PROBLEM DESCRIPTION: Search the data for the word "Sweatshirt" and copy each line that has it.

DATASET EXCERPTS:
%%
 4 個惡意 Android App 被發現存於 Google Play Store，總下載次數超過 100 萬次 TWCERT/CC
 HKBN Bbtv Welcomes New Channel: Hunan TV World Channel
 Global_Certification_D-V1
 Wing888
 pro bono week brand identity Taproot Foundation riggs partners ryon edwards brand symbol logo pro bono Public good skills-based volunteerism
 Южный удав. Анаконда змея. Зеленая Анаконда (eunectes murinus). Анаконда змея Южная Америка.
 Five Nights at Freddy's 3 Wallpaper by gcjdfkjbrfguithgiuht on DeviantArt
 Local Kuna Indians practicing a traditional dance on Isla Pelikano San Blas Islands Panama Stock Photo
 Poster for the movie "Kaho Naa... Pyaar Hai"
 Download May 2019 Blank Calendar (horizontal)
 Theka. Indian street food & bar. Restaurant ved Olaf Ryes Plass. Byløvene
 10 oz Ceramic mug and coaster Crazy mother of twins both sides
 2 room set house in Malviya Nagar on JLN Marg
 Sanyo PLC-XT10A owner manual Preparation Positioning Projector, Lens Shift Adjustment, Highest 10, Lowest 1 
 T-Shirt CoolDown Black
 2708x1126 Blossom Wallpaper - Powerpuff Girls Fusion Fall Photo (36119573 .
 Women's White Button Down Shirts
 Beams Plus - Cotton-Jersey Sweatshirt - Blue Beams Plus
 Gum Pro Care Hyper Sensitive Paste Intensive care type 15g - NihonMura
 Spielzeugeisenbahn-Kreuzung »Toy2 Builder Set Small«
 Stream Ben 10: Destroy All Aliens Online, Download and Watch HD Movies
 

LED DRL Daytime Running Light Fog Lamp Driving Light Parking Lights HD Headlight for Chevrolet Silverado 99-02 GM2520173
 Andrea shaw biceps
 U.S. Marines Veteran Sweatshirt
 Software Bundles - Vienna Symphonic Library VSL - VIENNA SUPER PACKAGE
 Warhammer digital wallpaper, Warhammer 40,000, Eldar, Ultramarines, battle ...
%%
YOUR RESPONSE:
 Beams Plus - Cotton-Jersey Sweatshirt - Blue Beams Plus
 U.S. Marines Veteran Sweatshirt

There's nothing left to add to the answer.